Directions for this task - Find the line with "Johnathan Kayne for" in the records below. Copy it and every line after it, up to and including the line with "A Starbucks Coffeehouse".

Source data:
*-*-*

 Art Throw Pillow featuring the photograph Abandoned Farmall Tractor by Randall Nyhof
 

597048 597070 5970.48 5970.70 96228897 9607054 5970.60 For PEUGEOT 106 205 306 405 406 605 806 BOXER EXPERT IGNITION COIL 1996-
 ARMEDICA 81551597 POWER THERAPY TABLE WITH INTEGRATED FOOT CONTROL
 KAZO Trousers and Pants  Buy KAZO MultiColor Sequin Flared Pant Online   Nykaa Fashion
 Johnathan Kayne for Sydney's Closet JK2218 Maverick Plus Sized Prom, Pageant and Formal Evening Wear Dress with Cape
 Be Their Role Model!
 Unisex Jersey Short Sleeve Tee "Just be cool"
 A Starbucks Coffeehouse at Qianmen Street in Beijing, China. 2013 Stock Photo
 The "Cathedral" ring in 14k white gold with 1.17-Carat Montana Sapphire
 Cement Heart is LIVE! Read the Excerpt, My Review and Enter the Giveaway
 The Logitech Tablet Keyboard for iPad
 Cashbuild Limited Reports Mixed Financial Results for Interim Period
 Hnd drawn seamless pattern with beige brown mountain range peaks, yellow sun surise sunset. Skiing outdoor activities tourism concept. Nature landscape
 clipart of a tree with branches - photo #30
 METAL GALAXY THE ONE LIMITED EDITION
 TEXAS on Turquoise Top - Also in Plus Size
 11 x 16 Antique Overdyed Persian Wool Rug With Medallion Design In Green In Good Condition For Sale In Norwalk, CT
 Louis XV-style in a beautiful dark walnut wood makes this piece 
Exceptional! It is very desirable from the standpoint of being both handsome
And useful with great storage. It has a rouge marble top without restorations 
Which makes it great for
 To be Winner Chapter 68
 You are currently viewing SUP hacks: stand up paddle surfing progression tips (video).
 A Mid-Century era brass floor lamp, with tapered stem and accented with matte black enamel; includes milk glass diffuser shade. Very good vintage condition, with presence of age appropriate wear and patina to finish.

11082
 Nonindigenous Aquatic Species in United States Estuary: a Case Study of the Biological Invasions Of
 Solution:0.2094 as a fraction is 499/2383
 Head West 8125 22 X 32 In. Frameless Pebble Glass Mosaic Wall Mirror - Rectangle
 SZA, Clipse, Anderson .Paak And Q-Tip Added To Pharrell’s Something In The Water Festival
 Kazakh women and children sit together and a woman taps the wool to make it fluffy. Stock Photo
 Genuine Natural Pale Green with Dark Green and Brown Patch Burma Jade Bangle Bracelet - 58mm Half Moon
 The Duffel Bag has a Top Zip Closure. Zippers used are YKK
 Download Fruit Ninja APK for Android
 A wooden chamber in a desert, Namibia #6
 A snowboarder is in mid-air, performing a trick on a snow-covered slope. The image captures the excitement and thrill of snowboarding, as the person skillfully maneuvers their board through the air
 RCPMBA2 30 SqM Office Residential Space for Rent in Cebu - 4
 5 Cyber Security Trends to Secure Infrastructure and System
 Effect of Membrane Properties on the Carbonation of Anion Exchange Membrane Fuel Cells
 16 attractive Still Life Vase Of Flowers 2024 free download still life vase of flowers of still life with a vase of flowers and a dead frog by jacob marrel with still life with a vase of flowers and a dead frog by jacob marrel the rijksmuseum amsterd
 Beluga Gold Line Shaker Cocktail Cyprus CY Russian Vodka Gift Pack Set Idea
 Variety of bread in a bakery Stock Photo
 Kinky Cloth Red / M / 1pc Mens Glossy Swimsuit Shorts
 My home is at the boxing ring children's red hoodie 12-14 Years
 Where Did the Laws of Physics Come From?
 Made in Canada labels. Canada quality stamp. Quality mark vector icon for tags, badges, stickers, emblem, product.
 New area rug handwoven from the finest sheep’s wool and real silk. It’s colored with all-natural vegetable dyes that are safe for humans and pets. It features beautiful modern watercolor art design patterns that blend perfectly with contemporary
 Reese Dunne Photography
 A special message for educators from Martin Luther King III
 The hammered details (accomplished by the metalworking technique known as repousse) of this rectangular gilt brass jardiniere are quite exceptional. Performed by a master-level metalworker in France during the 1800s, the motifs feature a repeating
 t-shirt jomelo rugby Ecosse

*-*-*

Solution to the exercise -
 Johnathan Kayne for Sydney's Closet JK2218 Maverick Plus Sized Prom, Pageant and Formal Evening Wear Dress with Cape
 Be Their Role Model!
 Unisex Jersey Short Sleeve Tee "Just be cool"
 A Starbucks Coffeehouse at Qianmen Street in Beijing, China. 2013 Stock Photo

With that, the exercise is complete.